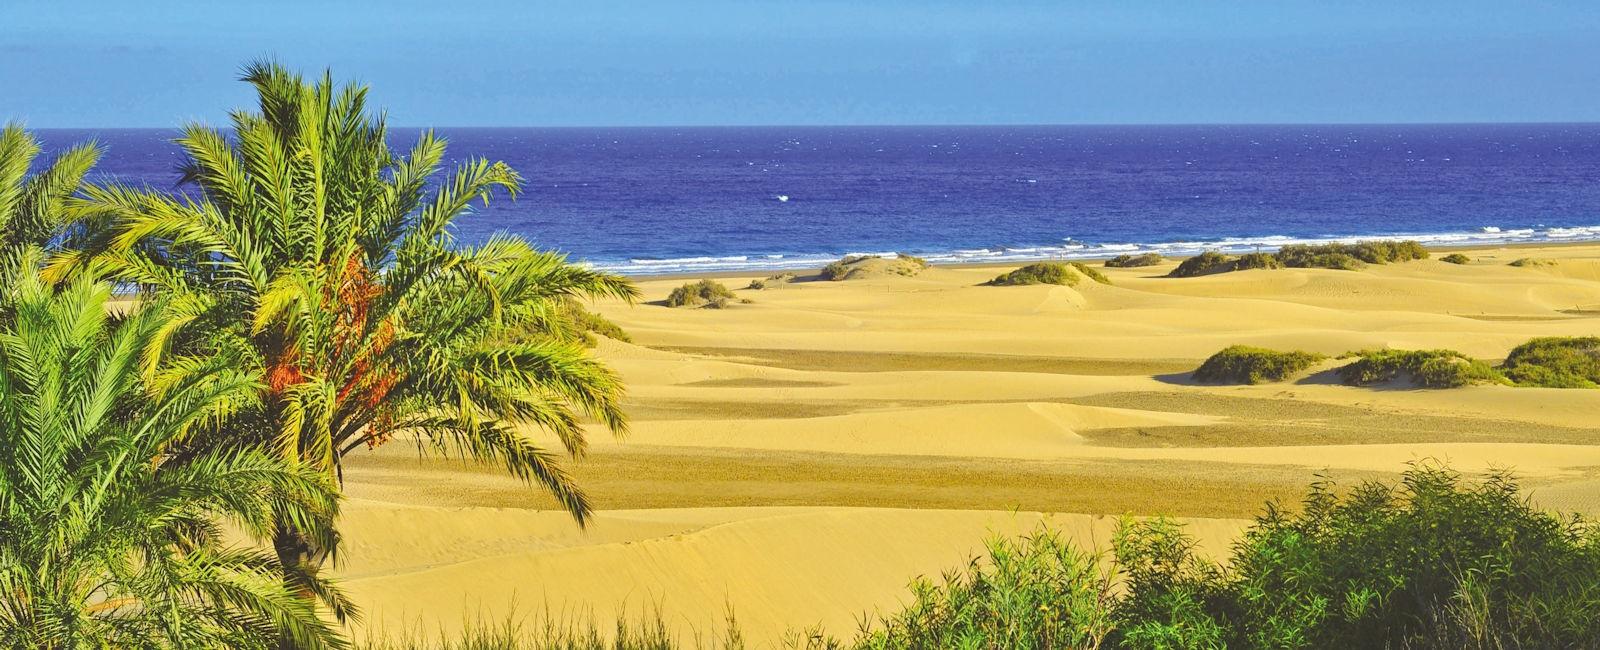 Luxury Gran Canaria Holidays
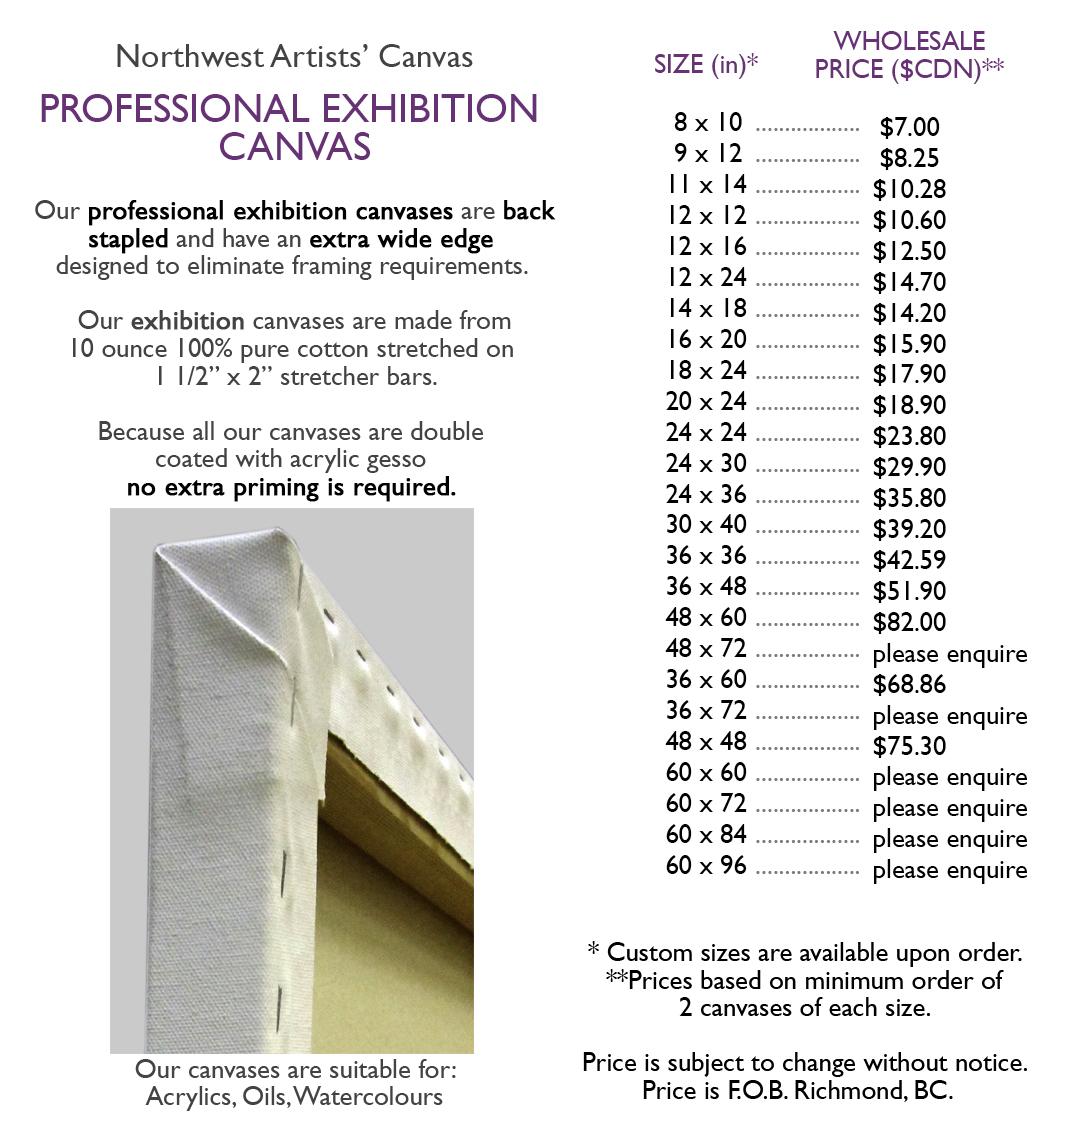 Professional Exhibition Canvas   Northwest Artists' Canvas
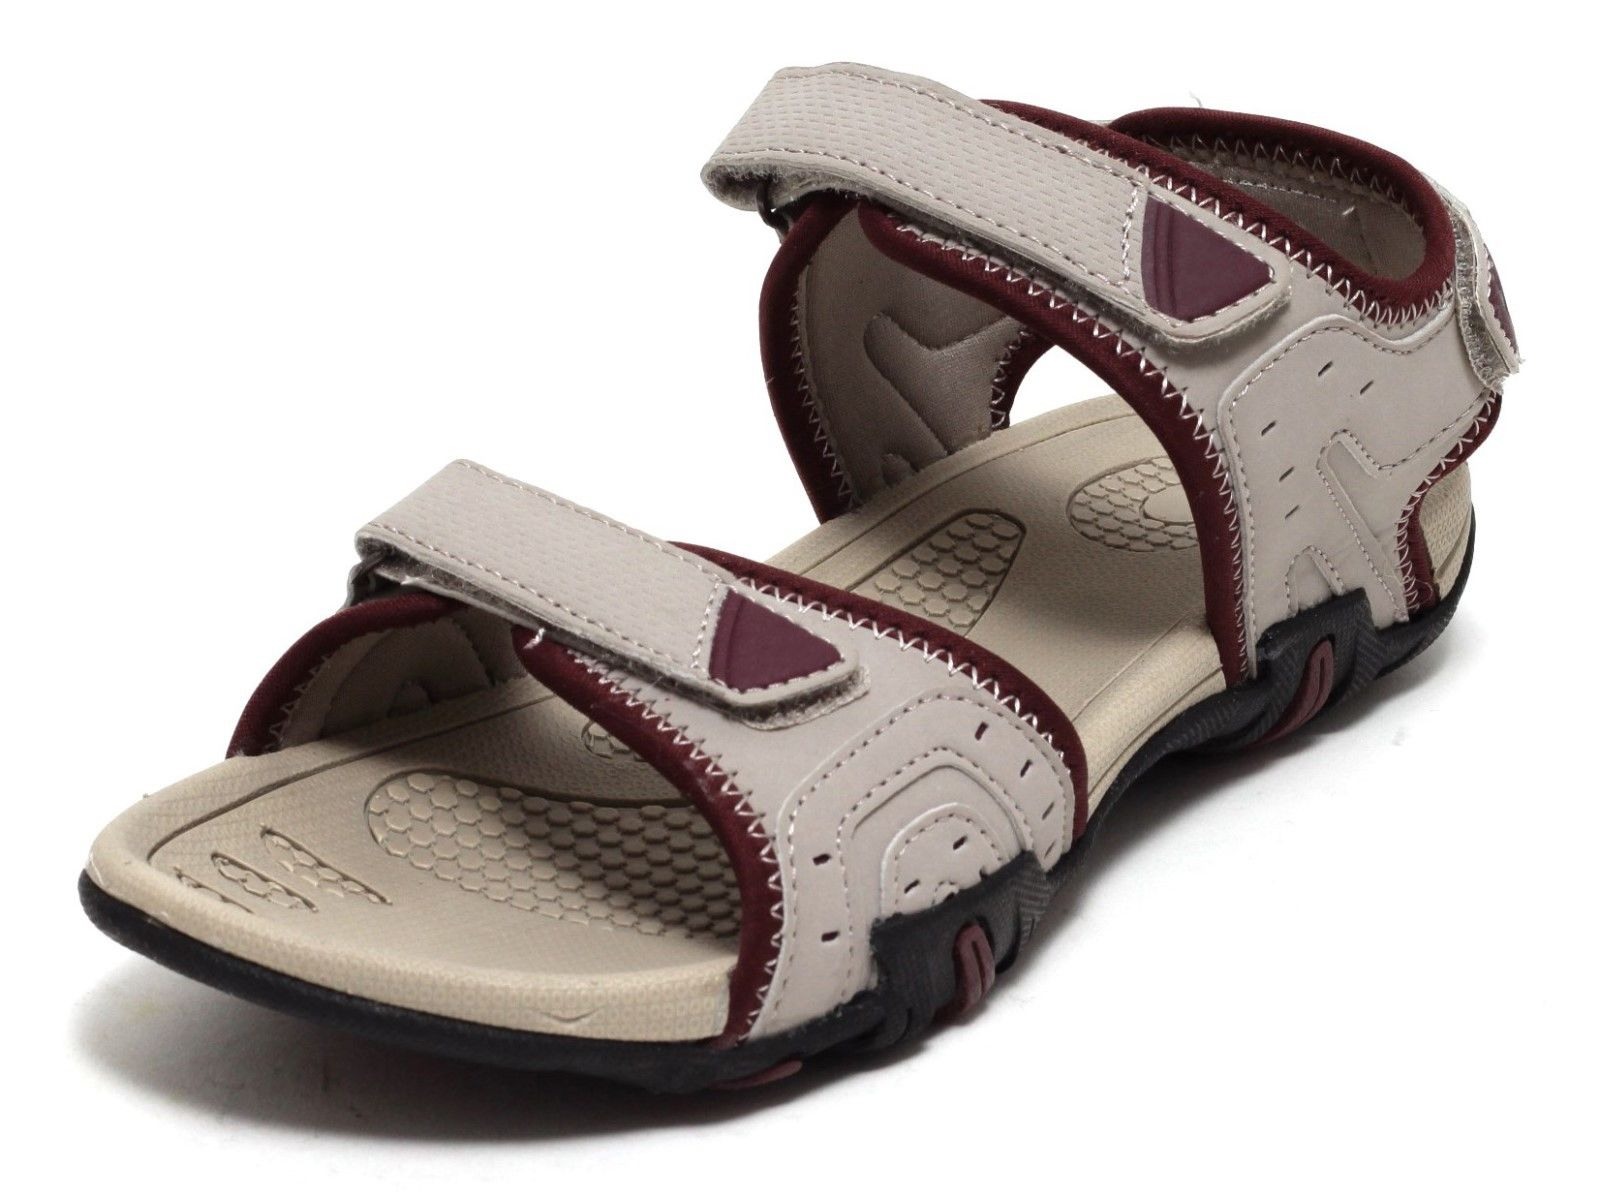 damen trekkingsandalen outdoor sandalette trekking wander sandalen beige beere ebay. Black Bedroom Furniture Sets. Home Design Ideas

★ ★ ★

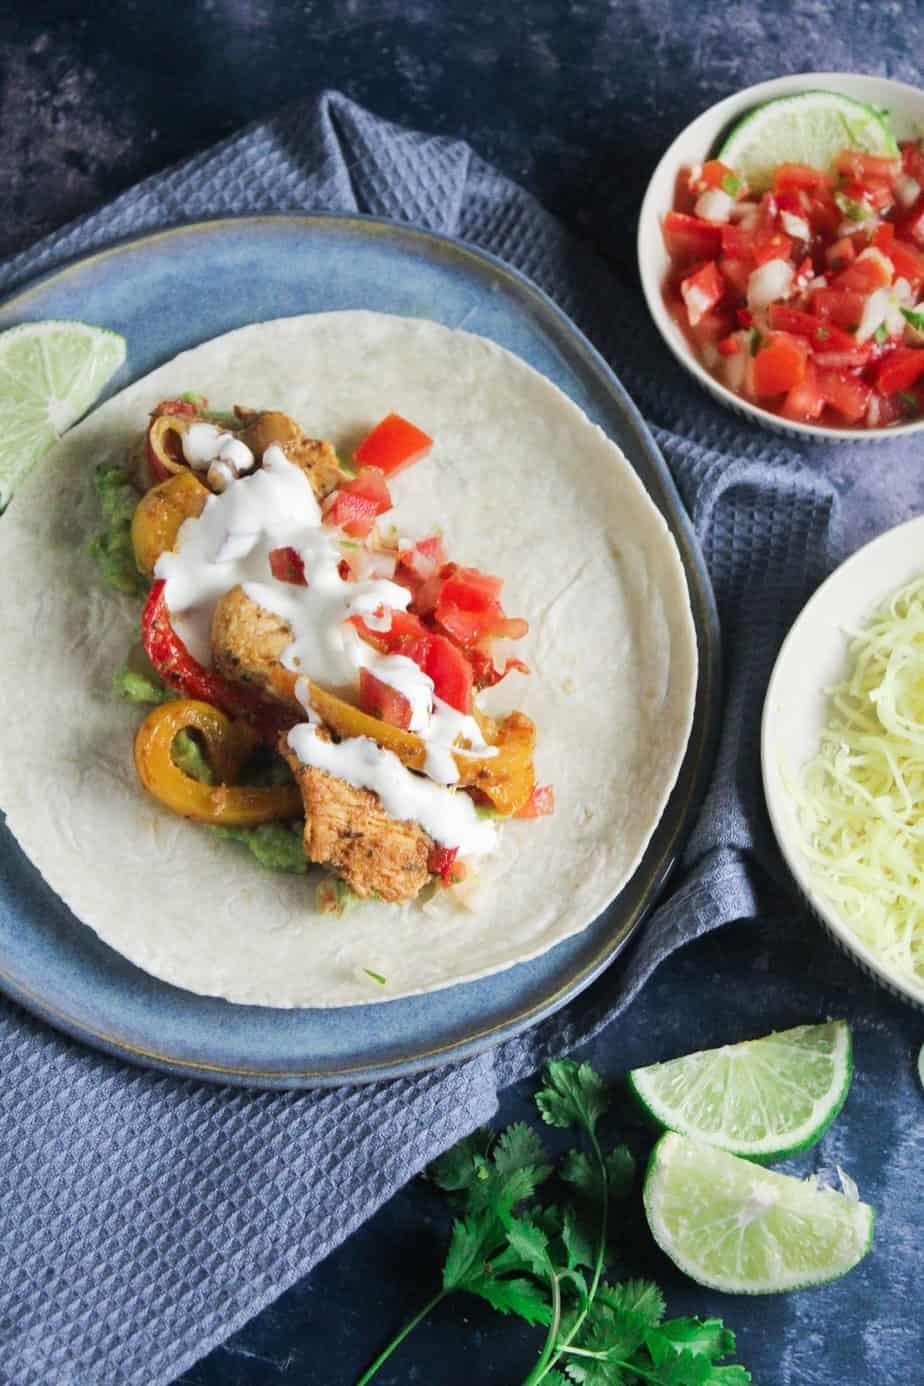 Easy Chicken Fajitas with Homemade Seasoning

★ ★ ★

What this task involves - Beginning with the line that contains "Luxury Gran Canaria Holidays", write out the lines of the material above exactly, and end with the line that contains "damen trekkingsandalen outdoor". Omit the pictures.

Response box -
 Luxury Gran Canaria Holidays
 Professional Exhibition Canvas   Northwest Artists' Canvas
 damen trekkingsandalen outdoor sandalette trekking wander sandalen beige beere ebay. Black Bedroom Furniture Sets. Home Design Ideas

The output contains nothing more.